#### DIRECTIONS:
Output exactly, in the material below, the lines from the one with "Pistes où se" through the one with "Top 10 Hangers". Omit all pictures.

#### EXERCISE INPUTS:
※ ※ ※

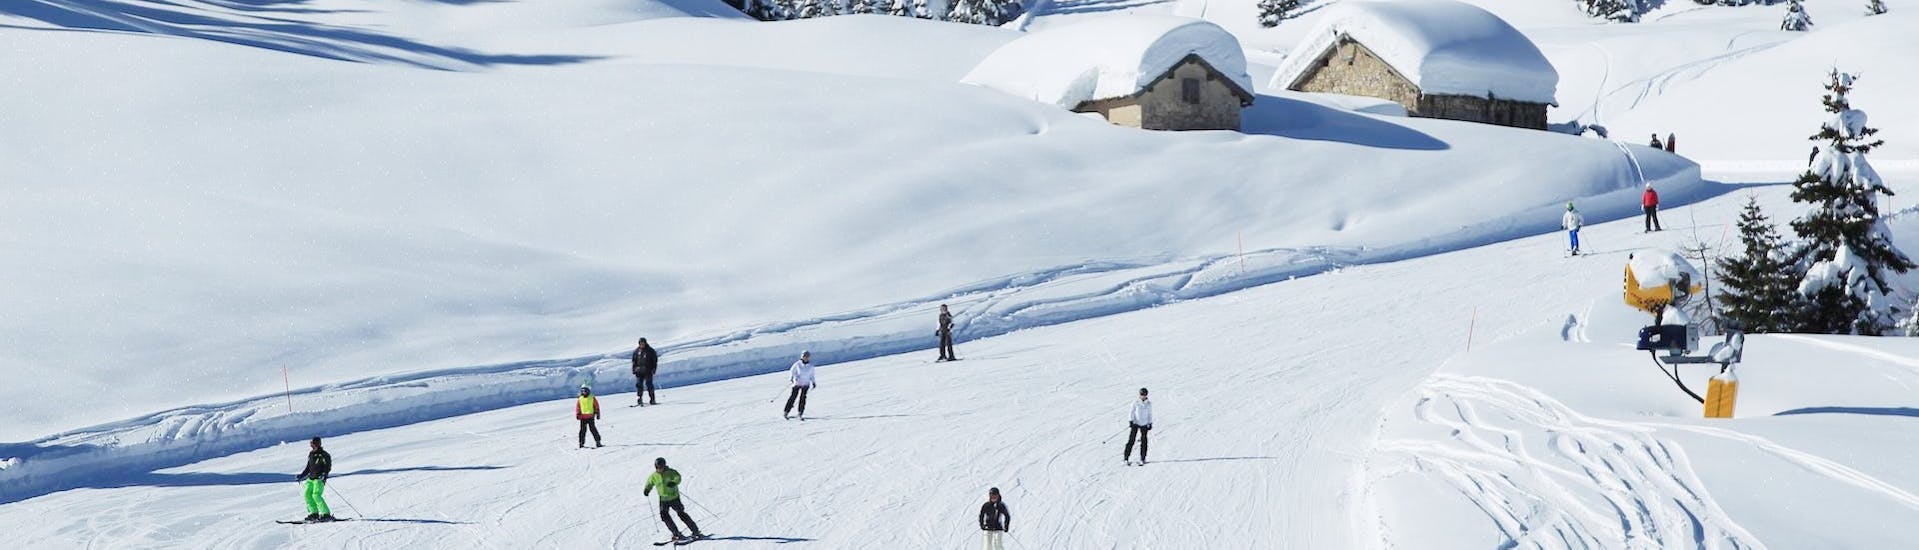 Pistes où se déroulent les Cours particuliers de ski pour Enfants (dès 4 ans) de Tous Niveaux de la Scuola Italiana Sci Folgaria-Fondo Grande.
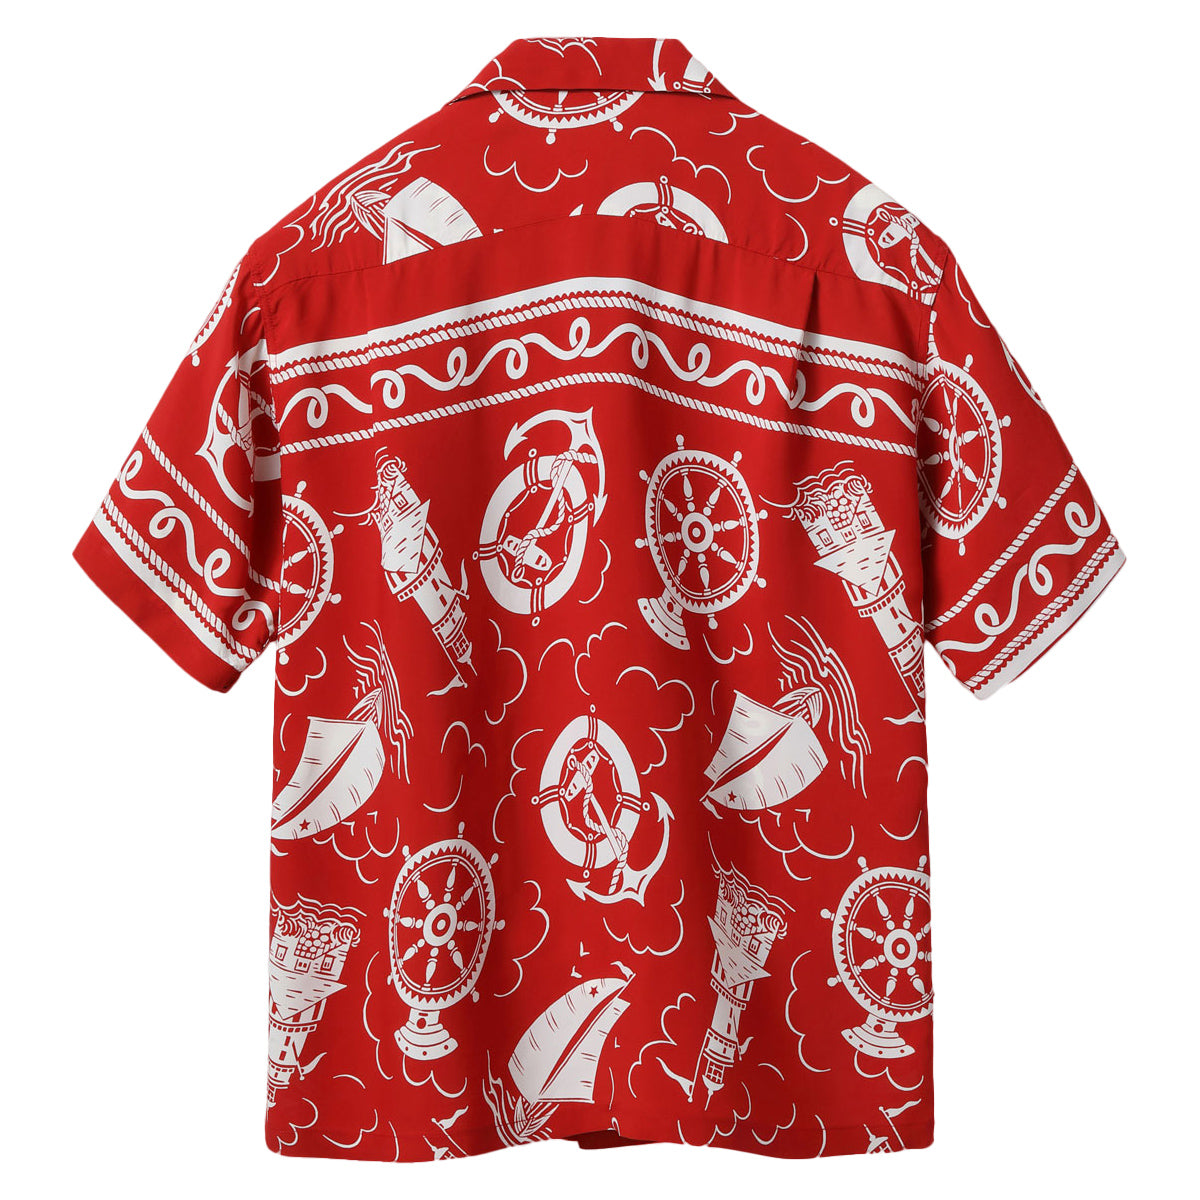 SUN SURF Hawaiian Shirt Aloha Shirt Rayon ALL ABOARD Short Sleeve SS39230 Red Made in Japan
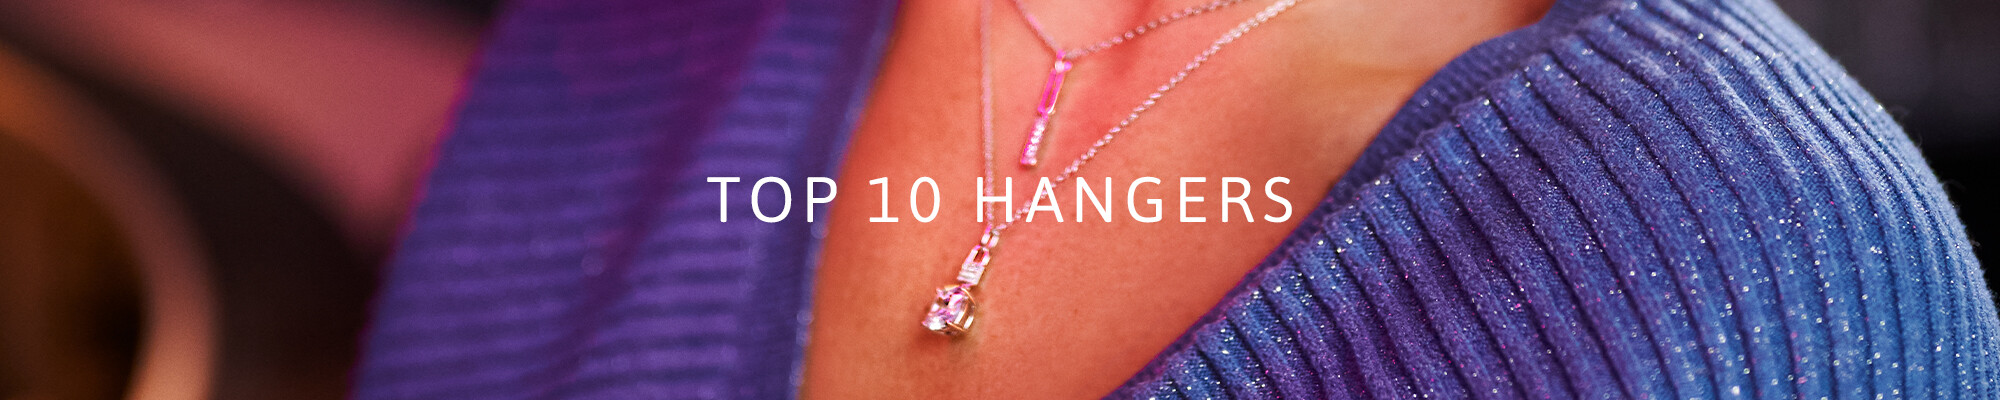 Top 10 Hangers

※ ※ ※

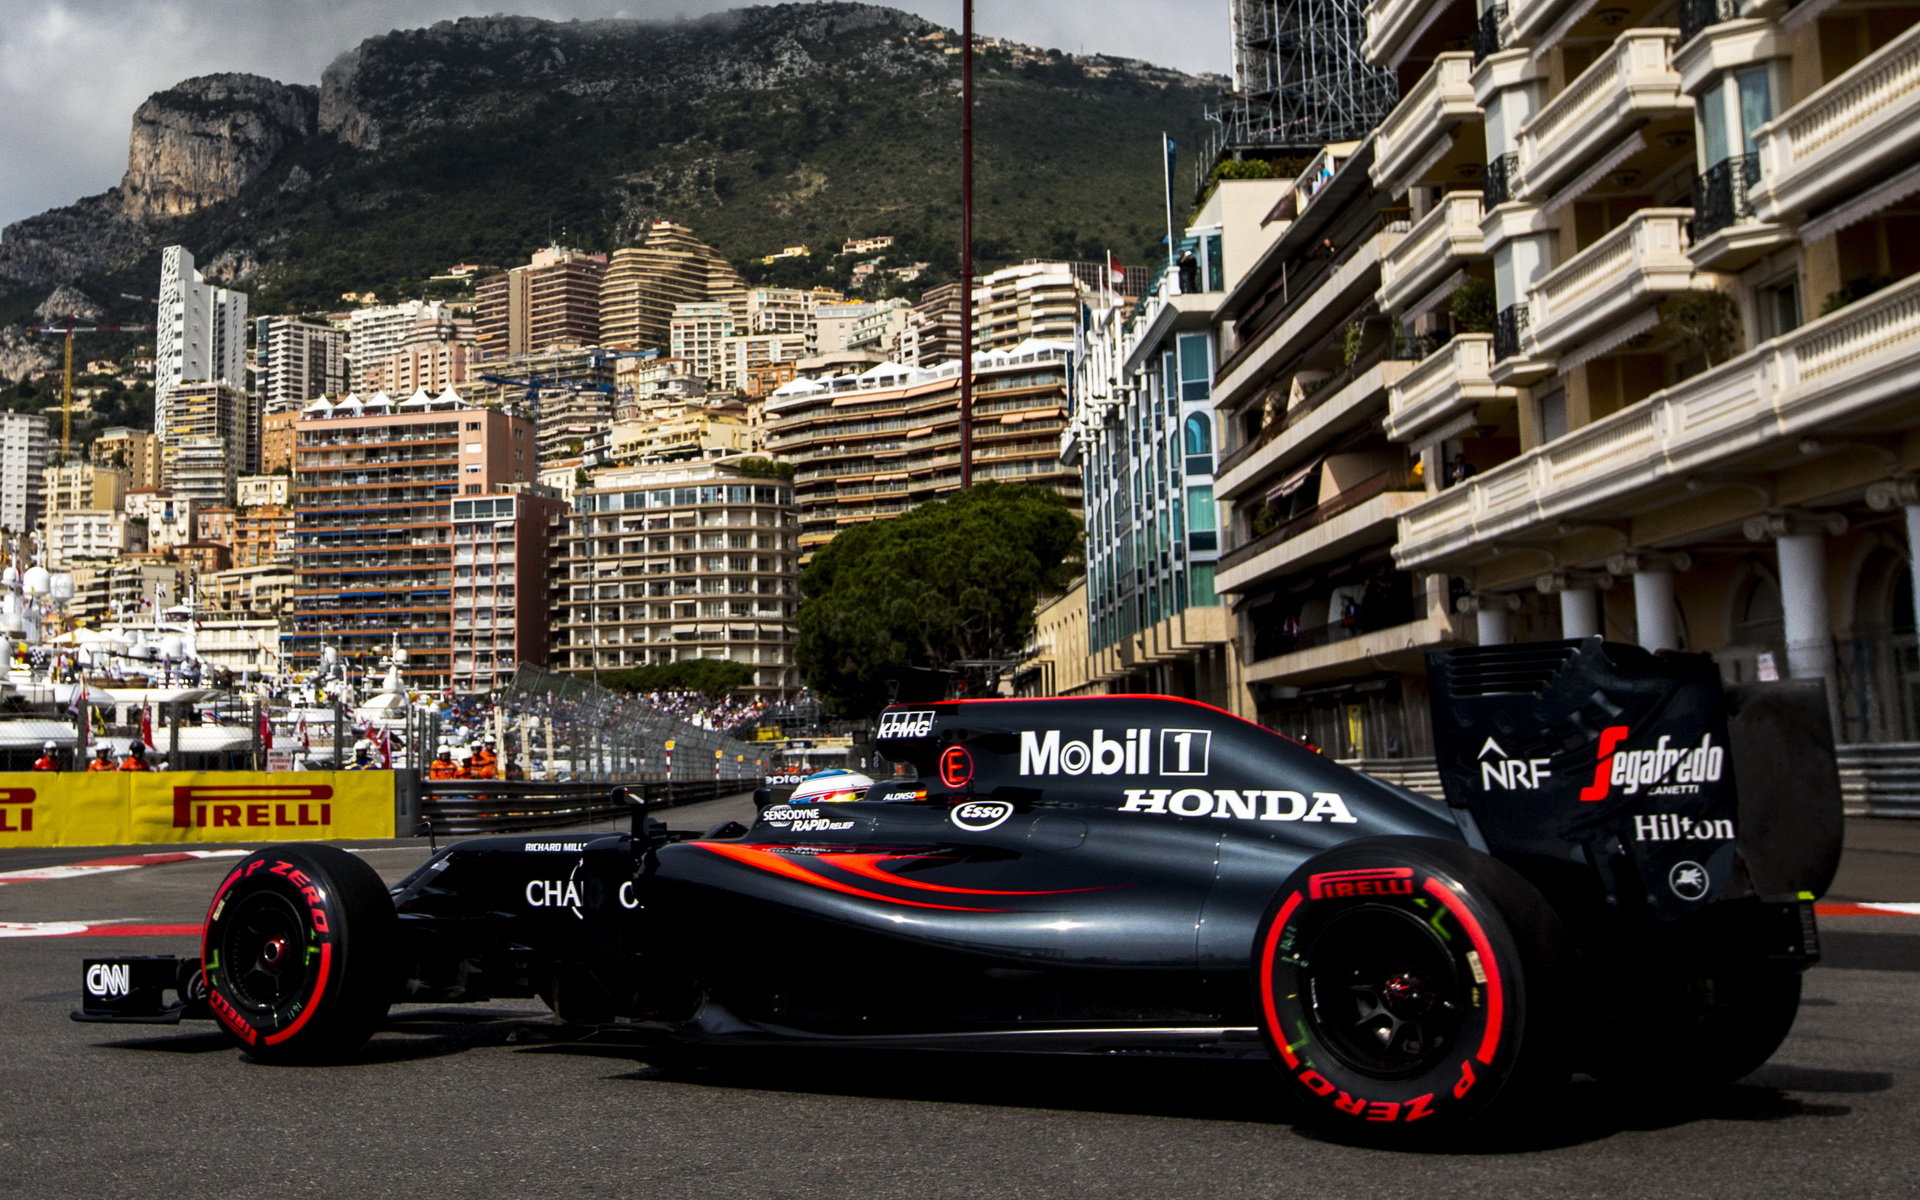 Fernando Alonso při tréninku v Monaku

※ ※ ※

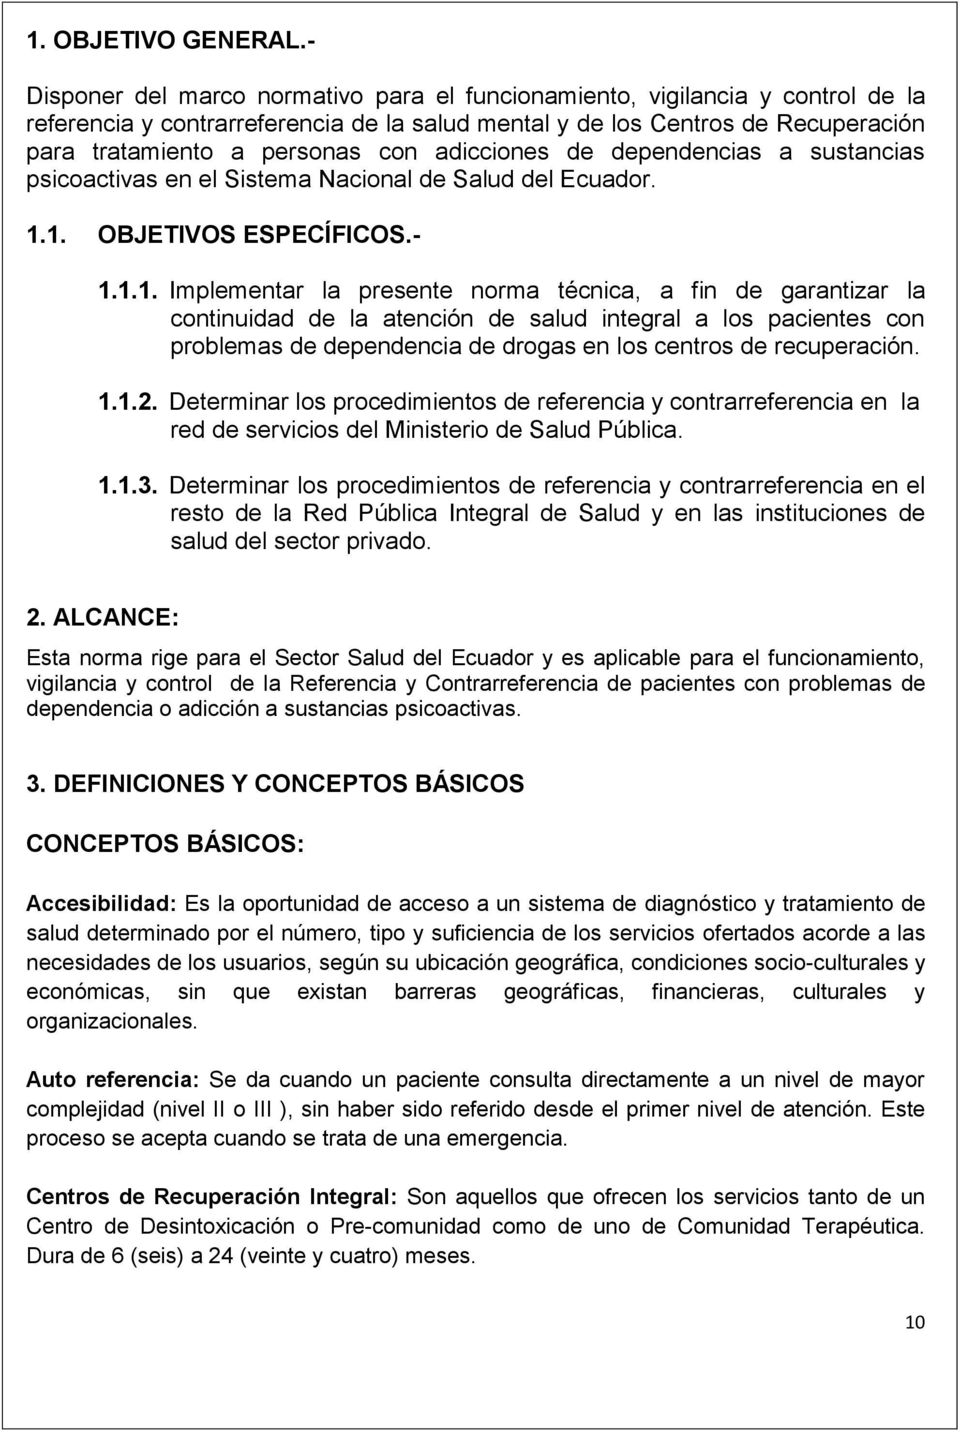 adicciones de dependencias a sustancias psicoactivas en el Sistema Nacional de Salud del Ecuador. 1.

※ ※ ※

#### YOUR SOLUTION:
 Pistes où se déroulent les Cours particuliers de ski pour Enfants (dès 4 ans) de Tous Niveaux de la Scuola Italiana Sci Folgaria-Fondo Grande.
 SUN SURF Hawaiian Shirt Aloha Shirt Rayon ALL ABOARD Short Sleeve SS39230 Red Made in Japan
 Top 10 Hangers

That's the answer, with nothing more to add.